Saturday, April 14, 2012

OPERATION: Field of Dreams

The Making of MEADOWLARK CABIN

The land is what matters.  The land is more important than the cabin, always has been, always will be.  It is sacred family ground that has seen generations of the Kittle family come and go... as is the way with these sort of things.

Currently, my dad is proprietor and caretaker.  It is a huge commitment of love and heart, to be sure!  Mom, Phil and I, all share in the work of the farm, though it hasn't been an operating farm for many years, I still remember the wandering cattle and PaPaw calling them up out of the wooded ravine with a loud bellowing yell that echoed off the hillside.  I am thankful for memories like those - I don't have a picture or a recording, but the memory is safely tucked into my heart.  All I have to do is push the "play" button inside my head and I can see and hear it like it happened only yesterday.   Click here to read more about the land.

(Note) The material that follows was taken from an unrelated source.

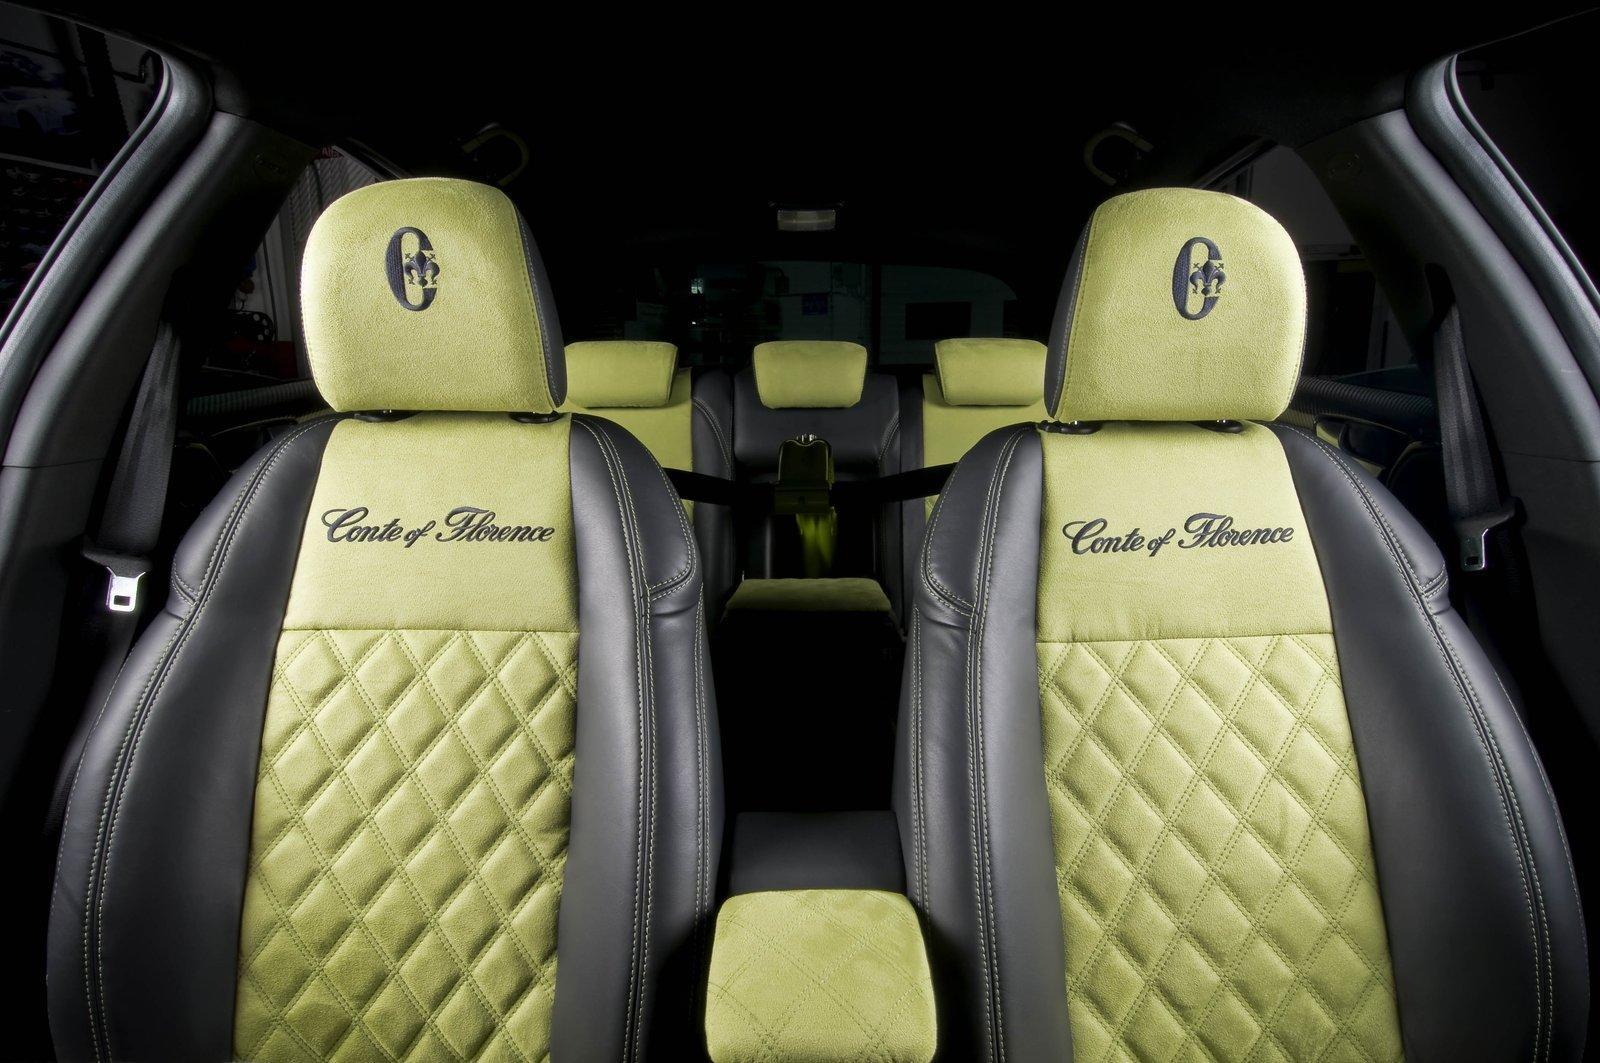 2010 maragoni trc italia alfa rom o giulietta g430 imove dark cars wallpapers. Black Bedroom Furniture Sets. Home Design Ideas

Since the land passed to Dad's hands three summers ago, we've spent countless hours and dollars restoring, resurrecting, and rejuvenating.  It isn't an easy job, but we are all committed to it for more reasons than I could ever list here.  The land quickly became an integral part of our lives and it was a natural next step to invest in housing that would allow us to stay the weekends and the occasional longer stretch of time.  During the first summer, we bought a very small one-room Amish built cabin. 

our current cabin sits uphill from the pond, nestled into a grove of fruit trees
The cabin was large enough for a bed, a kitchenette, a "bathroom", and a few chairs.  Once Julia was born in August of our second summer, we quickly realized that we had a space-problem on our hands!  That was when we started ever-so-slowly formulating a plan of what to do next!

Phil dressing Julia during her first trip to the lake.  She was about two months old.




Last year (third summer), we made do in our tiny cabin, but it wasn't easy!  Julia refused to sleep in the pack-n-play and I had to put her in the full-size bed with Phil and me most nights.  This caused us so much crowding and lack of sleep that we eventually ended up building an additional twin-size bedframe where Phil could sleep.  And the mornings weren't any easier! The size of the cabin (and the fact that it was wall-to-wall sleeping apparatuses - twin bed, full bed, and pack-n-play, and DOG BED!) prohibited Julia from having any floor space to play.  And since she wasn't yet walking and couldn't be put down in the dew-soaked morning grass, someone had to be responsible for toting her around the farm or trying to appease her with endless stroller rides to the front gate and back.... over and over and over!

Once the summer came to an end, one thing was certain - we needed more space!  Expanding our existing cabin was not feasible.   The size and shape and log placement made a cabin expansion a gigantic challenge, if not impossible, that stumped even my father (whom I deem a master carpenter and contractor). So, Phil and I began our endless conversations of what to do.  Should we build from scratch?  Should we buy a separate cabin down the road from the farm and move off of the land?  Should we buy another pre-built Amish cabin, but in a larger size? 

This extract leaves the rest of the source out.